イスラエルのメディアによれば、同国軍は今月時点でガザの少なくとも三つの勢力と協力関係にある。北部ガザ市一帯の有力部族、南部ハンユニスを拠点とする民兵組織、最南部ラファの部族主体の武装集団だ。このうち特に注目されるのは、多くの避難民が滞在し、イスラエルが住民を事実上隔離する「人道都市」設置も視野に入れるラファで活動する勢力だ。
ラファの武装集団は「人民部隊」と自称し、過去に麻薬密輸や支援物資略奪に手を染めていたとされるヤセル・アブシャバブ氏が率いる。現在は米・イスラエルが主導する住民への物資配給に協力し、配給所付近で多発する銃撃への関与も疑われる。

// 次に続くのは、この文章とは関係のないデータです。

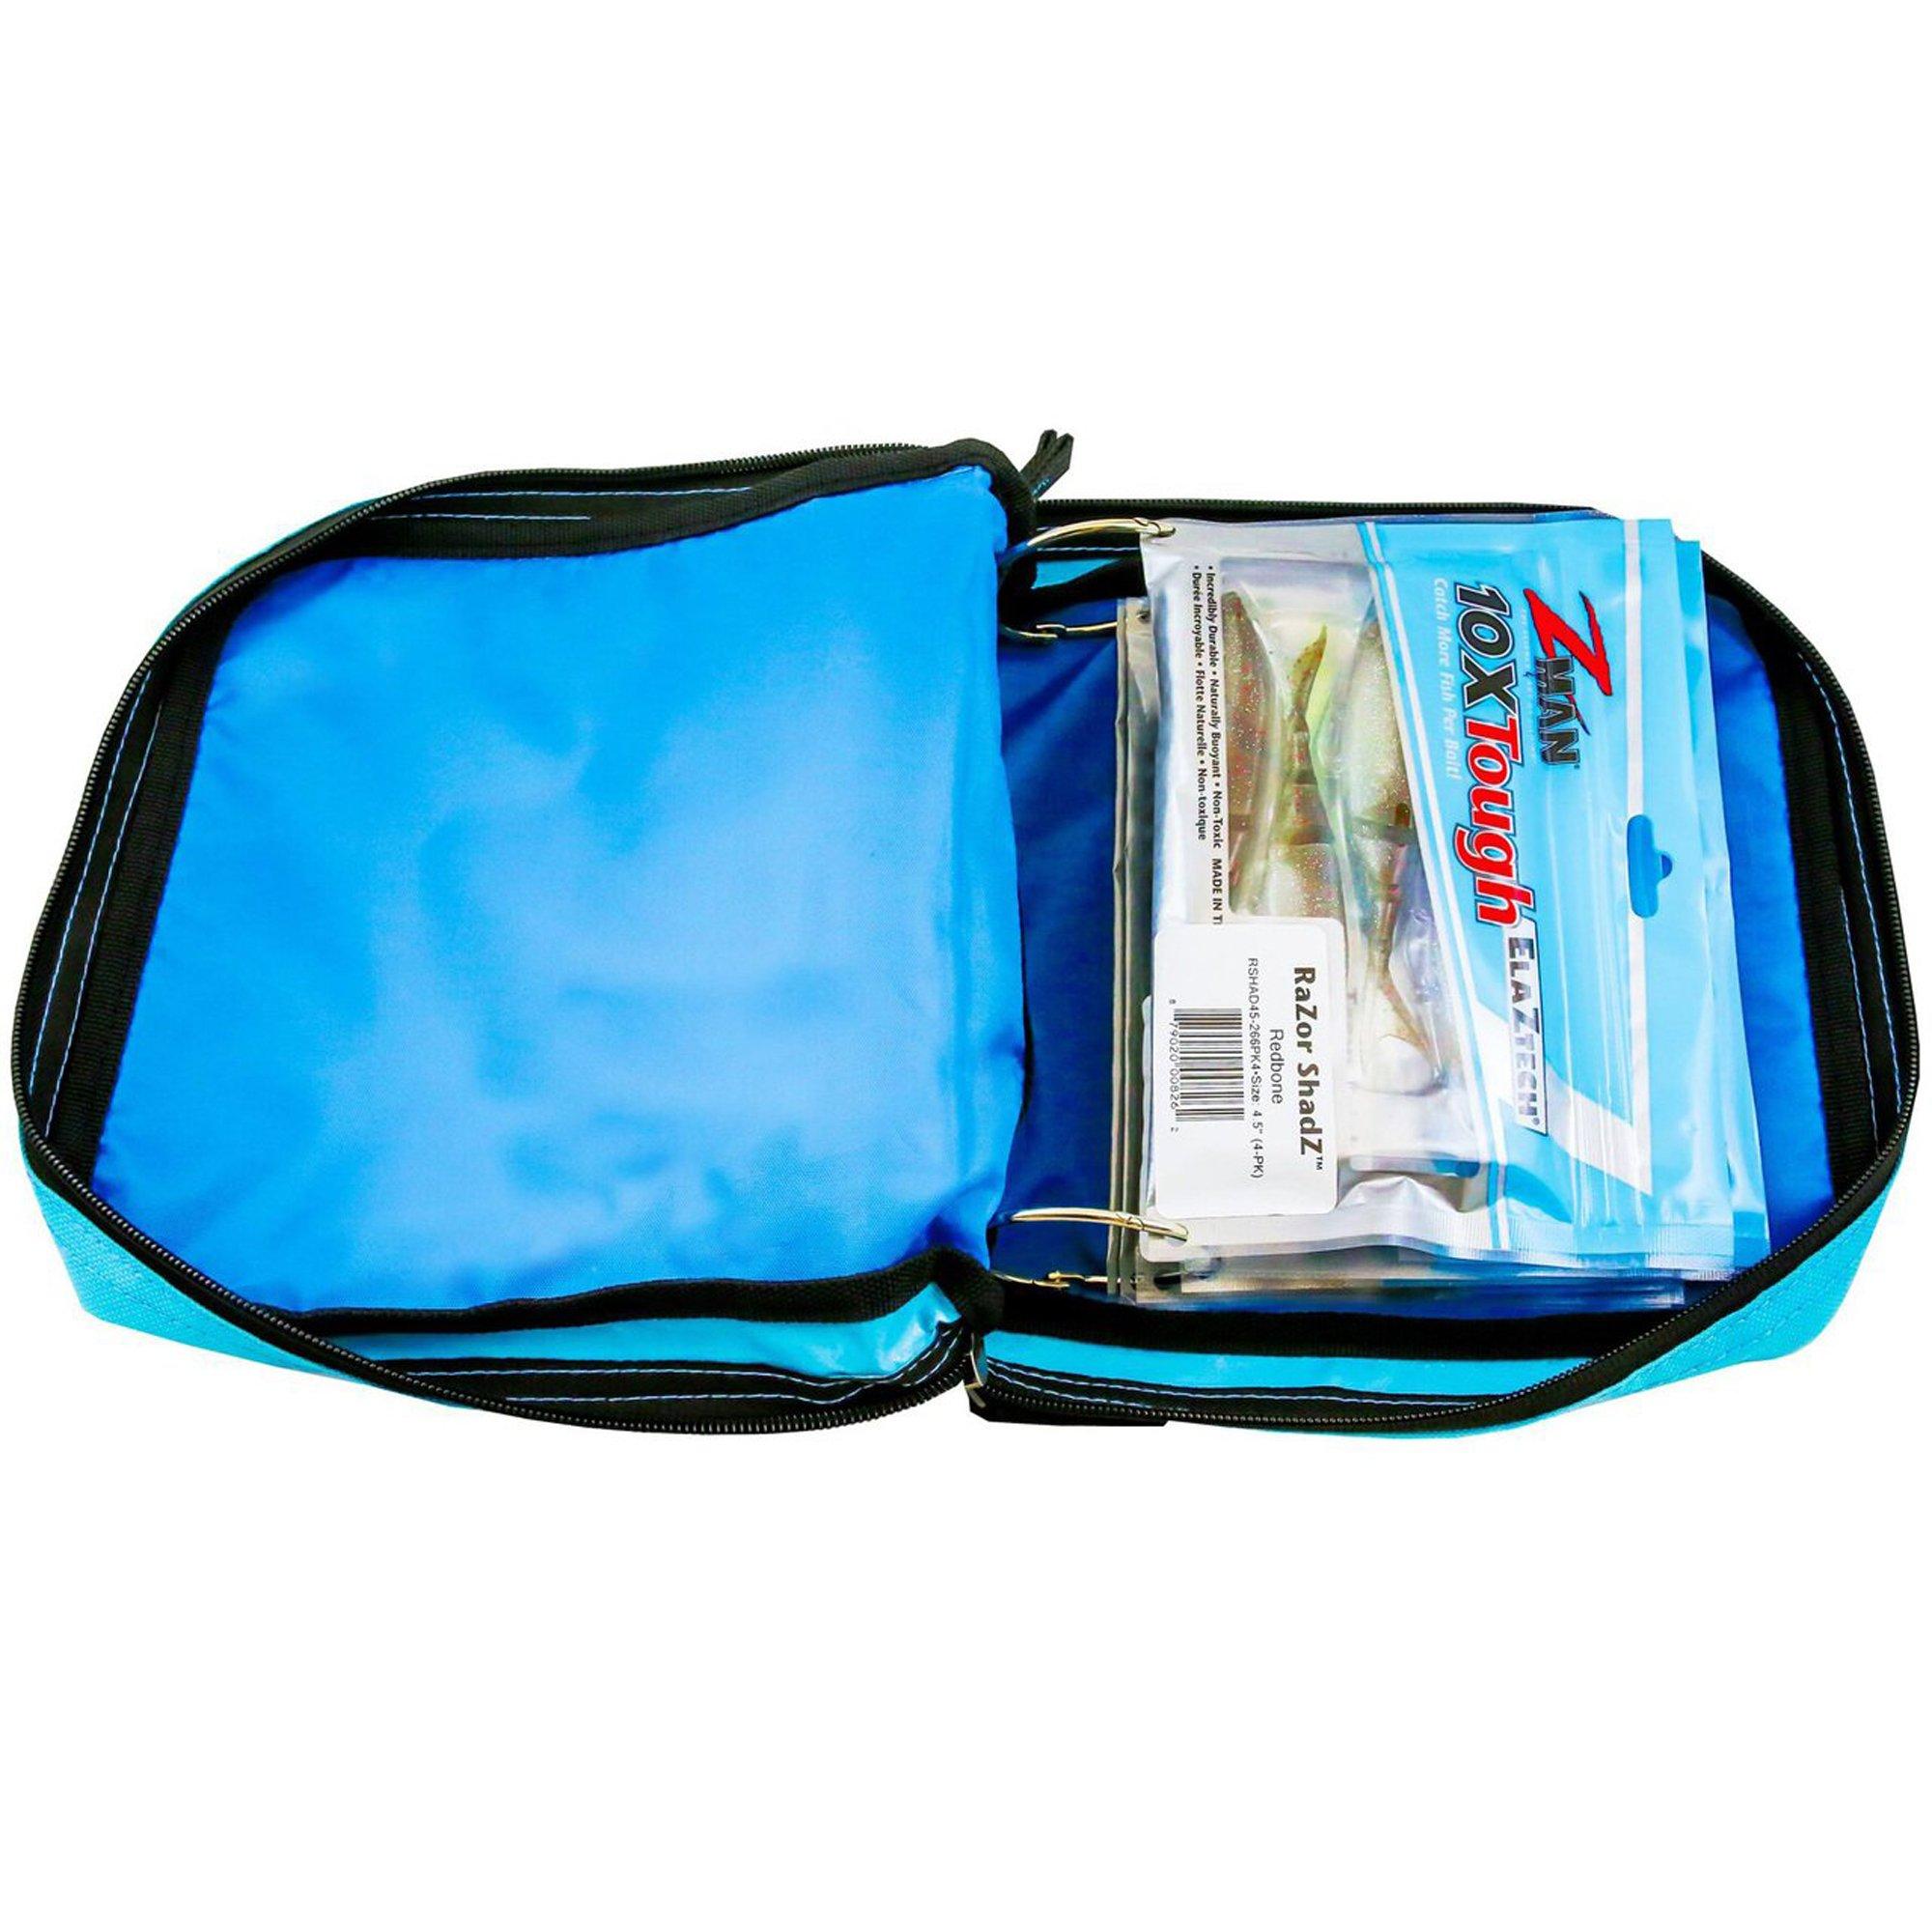 Z-Man Deluxe Small Binder Blue

人民部隊の関係者は時事通信の取材に応じ、同部隊について、ハマスが2023年10月に行ったイスラエル奇襲によって引き起こされたイスラエルの大規模軍事作戦という「惨劇」の中から生まれた草の根の義賊のような存在だと説明。「ハマスのテロから住民を守り、支援物資の輸送を警備している」と主張した。イスラエルとハマスが停戦で合意しても、当面は「混乱を防ぐため」活動を続ける意向を示した。
一方、ガザ市とハンユニスの2勢力は、07年にハマスによってガザから駆逐されたパレスチナ主流派組織ファタハと結び付きがあるという。
米シンクタンク「ワシントン近東政策研究所」のナオミ・ノイマン客員研究員は、ガザ統治での地元勢力との連携について、ハマスの軍事的な影響力排除などで一定の利点があると分析。ただ、長期的には「ガザ社会の内紛を加速させかねない」と指摘し、各勢力が暴走しないよう関係各国が監視、管理する必要があると訴えた。